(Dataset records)
───

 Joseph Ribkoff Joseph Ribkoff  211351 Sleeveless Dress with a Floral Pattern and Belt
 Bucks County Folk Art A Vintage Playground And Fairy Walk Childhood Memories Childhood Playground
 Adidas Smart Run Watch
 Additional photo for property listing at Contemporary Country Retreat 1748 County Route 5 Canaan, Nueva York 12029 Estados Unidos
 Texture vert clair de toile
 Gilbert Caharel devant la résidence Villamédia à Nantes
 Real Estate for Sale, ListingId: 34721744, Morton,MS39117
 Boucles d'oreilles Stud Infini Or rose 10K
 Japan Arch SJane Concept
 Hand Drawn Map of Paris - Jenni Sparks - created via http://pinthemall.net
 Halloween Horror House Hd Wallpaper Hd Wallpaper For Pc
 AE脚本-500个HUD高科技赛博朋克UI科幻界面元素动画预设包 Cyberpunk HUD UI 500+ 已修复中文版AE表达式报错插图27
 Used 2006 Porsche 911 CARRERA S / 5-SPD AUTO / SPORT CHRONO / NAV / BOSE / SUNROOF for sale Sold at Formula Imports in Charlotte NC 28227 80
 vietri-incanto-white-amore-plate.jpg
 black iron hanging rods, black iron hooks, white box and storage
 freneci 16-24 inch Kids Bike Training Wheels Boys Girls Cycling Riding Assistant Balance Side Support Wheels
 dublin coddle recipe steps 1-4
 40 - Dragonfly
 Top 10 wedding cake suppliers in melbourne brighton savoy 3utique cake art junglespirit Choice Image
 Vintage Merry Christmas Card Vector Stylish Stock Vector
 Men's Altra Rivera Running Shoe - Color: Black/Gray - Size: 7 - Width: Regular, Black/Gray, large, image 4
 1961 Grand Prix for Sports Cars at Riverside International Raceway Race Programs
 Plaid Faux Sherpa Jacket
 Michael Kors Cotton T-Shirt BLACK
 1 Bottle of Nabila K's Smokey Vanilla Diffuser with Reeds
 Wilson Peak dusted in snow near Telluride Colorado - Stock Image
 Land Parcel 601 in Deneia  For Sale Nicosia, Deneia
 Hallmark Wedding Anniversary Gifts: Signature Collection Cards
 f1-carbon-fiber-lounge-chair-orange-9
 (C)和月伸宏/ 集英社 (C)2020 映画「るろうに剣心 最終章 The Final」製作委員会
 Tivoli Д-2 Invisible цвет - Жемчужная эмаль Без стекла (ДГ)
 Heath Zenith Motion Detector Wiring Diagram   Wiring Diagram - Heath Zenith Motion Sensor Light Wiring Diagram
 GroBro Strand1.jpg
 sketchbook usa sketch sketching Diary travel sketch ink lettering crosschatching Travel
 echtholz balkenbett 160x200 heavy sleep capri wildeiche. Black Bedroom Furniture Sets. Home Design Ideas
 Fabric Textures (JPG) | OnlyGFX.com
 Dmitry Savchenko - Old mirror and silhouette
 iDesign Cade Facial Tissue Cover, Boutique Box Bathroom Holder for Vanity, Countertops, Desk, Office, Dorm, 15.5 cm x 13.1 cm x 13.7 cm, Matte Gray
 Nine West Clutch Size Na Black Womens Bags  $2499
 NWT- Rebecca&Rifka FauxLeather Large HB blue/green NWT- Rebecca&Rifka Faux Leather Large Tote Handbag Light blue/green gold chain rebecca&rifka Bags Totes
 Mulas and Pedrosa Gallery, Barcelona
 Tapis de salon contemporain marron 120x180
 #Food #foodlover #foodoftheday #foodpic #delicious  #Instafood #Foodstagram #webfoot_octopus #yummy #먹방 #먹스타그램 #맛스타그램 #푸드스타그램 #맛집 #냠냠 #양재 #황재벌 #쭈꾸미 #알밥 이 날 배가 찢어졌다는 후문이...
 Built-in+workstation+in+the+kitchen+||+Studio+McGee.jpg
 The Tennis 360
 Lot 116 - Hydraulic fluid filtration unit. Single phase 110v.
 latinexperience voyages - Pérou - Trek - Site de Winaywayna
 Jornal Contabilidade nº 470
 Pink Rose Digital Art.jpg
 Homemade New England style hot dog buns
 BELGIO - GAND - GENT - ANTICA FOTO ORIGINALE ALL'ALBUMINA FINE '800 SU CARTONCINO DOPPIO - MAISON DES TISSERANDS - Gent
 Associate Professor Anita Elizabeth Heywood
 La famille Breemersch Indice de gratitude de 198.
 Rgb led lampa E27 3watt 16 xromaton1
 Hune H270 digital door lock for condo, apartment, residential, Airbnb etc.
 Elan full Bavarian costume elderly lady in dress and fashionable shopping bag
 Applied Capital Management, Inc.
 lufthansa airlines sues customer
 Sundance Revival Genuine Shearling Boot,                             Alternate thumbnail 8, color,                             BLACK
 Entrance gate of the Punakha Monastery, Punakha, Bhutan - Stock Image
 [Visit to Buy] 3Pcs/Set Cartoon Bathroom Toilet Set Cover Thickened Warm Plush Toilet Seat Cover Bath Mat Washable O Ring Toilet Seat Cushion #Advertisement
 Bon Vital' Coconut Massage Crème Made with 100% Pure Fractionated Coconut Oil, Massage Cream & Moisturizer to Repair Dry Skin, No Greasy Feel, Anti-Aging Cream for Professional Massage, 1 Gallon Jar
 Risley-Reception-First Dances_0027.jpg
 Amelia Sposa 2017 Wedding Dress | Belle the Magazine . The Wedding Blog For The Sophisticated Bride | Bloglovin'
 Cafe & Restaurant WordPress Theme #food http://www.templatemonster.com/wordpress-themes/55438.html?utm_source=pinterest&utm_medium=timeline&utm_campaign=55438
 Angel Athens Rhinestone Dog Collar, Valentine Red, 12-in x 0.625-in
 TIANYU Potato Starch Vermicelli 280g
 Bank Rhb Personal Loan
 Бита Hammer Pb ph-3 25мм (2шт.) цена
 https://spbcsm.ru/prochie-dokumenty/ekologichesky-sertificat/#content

───

Transcribe, exactly as written, all lines of the entries above from the first to the one containing "AE脚本-500个HUD高科技赛博朋克UI科幻界面元素动画预设包 Cyberpunk HUD", and no more.

 Joseph Ribkoff Joseph Ribkoff  211351 Sleeveless Dress with a Floral Pattern and Belt
 Bucks County Folk Art A Vintage Playground And Fairy Walk Childhood Memories Childhood Playground
 Adidas Smart Run Watch
 Additional photo for property listing at Contemporary Country Retreat 1748 County Route 5 Canaan, Nueva York 12029 Estados Unidos
 Texture vert clair de toile
 Gilbert Caharel devant la résidence Villamédia à Nantes
 Real Estate for Sale, ListingId: 34721744, Morton,MS39117
 Boucles d'oreilles Stud Infini Or rose 10K
 Japan Arch SJane Concept
 Hand Drawn Map of Paris - Jenni Sparks - created via http://pinthemall.net
 Halloween Horror House Hd Wallpaper Hd Wallpaper For Pc
 AE脚本-500个HUD高科技赛博朋克UI科幻界面元素动画预设包 Cyberpunk HUD UI 500+ 已修复中文版AE表达式报错插图27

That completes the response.